Efforts by companies to reduce costs may slow an economic recovery, as job losses and salary reductions damp consumer demand. Monthly wages slumped 7.1 per cent in June from a year earlier, a government survey released August 3 showed. The jobless rate rose to a six-year high of 5.4 per cent the same month.

“The next step of a recovery in final demand is going to depend on factors outside of Japan’s control,” said Hiroshi Motoki, managing director at the Japanese unit of AIG Global Investment Corp, which has $688 billion in assets.

Some of Japan’s biggest companies are raising forecasts. Toyota, based in Toyota City, narrowed its full-year loss estimate to 450 billion yen from 550 billion yen on August 4. Tokyo-based Honda lifted its full-year profit forecast on July 29 as it slashed expenses.

Hitachi Chemical, also based in Tokyo, more than tripled its profit forecast and boosted its sales estimate on July 28. The maker of materials for liquid-crystal displays has reported improving monthly sales figures since March, powered by demand for semiconductor and LCD components. Hitachi Chemical shares have more than doubled this year.

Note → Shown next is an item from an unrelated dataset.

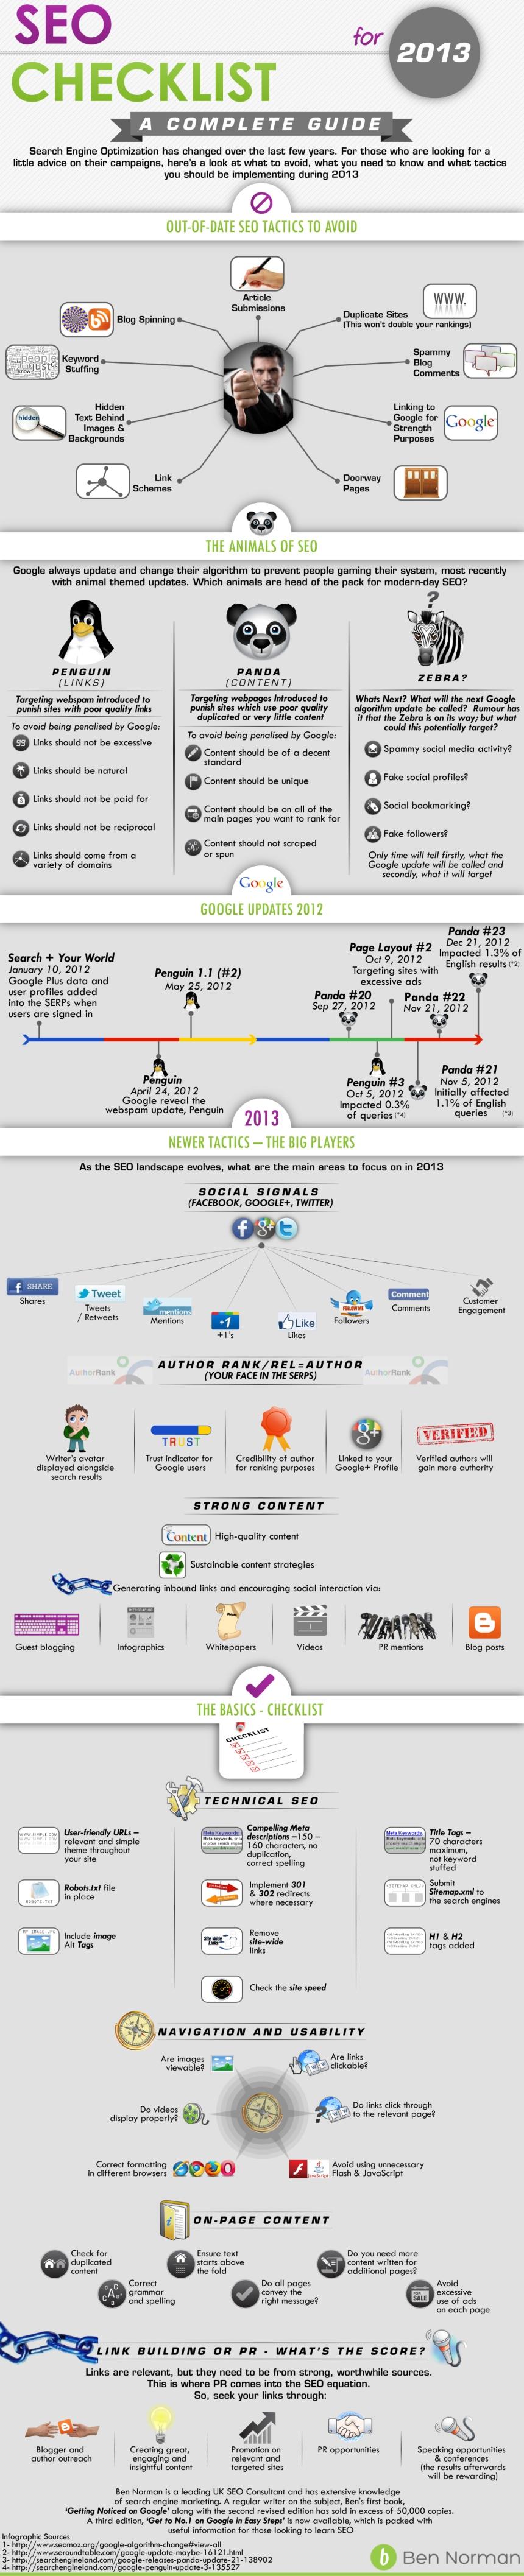 La guía definitiva del SEO para 2013

“Companies that have been able to rein in costs and produce profits are catching the eye of the market,” said Takeshi Osawa, a senior fund manager in Tokyo at Norinchukin Zenkyoren Asset Management Co. “The stocks to focus on are the ones that are seeing top-line growth coupled with restructuring to create bigger-than-expected profits.”

Earnings announcements helped the Topix index rise for 13 consecutive days through August 4, the longest winning streak since March 1988. The gauge has gained 11 per cent this year, still the worst performance among Asia’s major stock indexes.

“As far as Japanese equities are concerned, the only thing lacking is a bit of momentum,” said Nader Naeimi, a Sydney- based strategist at AMP Capital Investors, which manages about $95 billion.

“More inflows from overseas investors could be that trigger.”